# [What to do]
Two lines in the listing below mark the span: one contains "Chalet-Confort-Salle de bain" and one contains "certeiro no cinema". Reproduce both of them and everything between, exactly.

# [Input material]
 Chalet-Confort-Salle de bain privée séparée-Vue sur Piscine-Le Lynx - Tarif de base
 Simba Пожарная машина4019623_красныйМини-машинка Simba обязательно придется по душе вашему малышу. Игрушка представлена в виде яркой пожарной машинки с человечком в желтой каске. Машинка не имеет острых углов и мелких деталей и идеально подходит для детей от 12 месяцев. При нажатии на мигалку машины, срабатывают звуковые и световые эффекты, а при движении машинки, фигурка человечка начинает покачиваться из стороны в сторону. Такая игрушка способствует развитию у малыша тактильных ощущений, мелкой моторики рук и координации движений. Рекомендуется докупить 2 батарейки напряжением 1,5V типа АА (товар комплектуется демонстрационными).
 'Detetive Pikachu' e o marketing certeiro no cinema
--
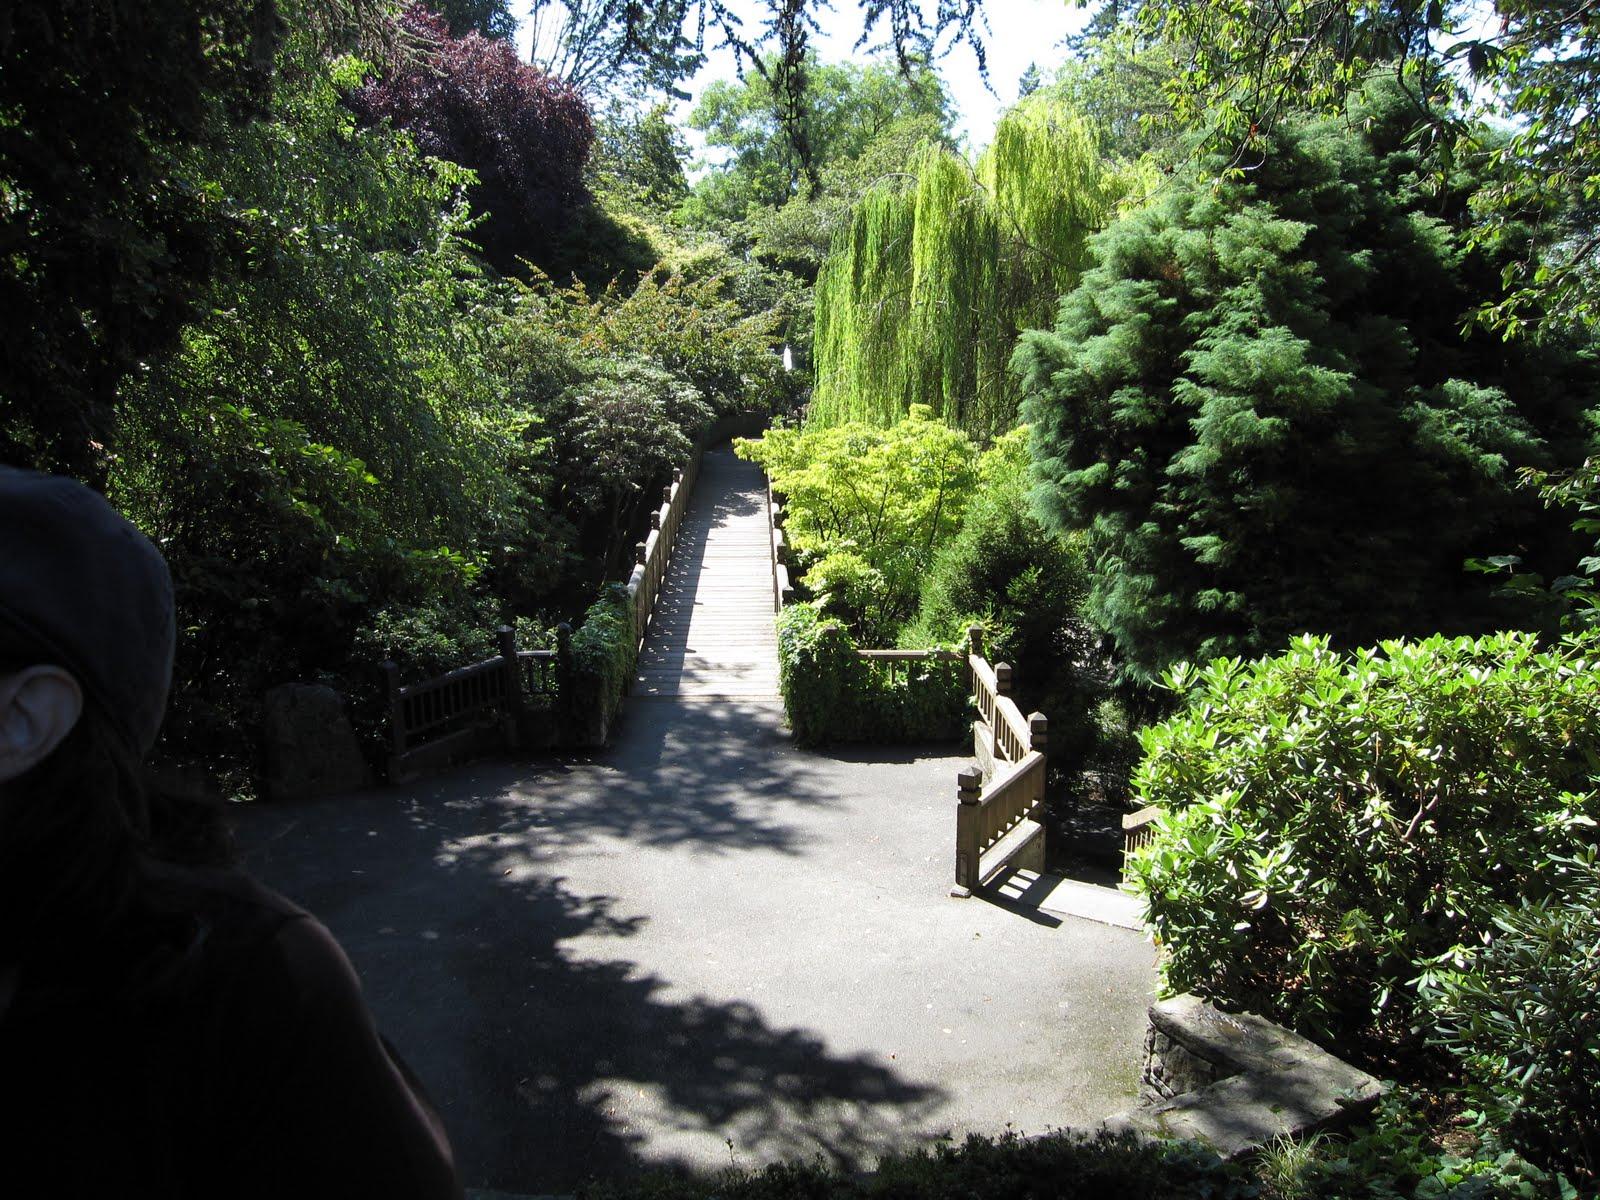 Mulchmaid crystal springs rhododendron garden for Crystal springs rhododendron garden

# [Solved problem]
 Chalet-Confort-Salle de bain privée séparée-Vue sur Piscine-Le Lynx - Tarif de base
 Simba Пожарная машина4019623_красныйМини-машинка Simba обязательно придется по душе вашему малышу. Игрушка представлена в виде яркой пожарной машинки с человечком в желтой каске. Машинка не имеет острых углов и мелких деталей и идеально подходит для детей от 12 месяцев. При нажатии на мигалку машины, срабатывают звуковые и световые эффекты, а при движении машинки, фигурка человечка начинает покачиваться из стороны в сторону. Такая игрушка способствует развитию у малыша тактильных ощущений, мелкой моторики рук и координации движений. Рекомендуется докупить 2 батарейки напряжением 1,5V типа АА (товар комплектуется демонстрационными).
 'Detetive Pikachu' e o marketing certeiro no cinema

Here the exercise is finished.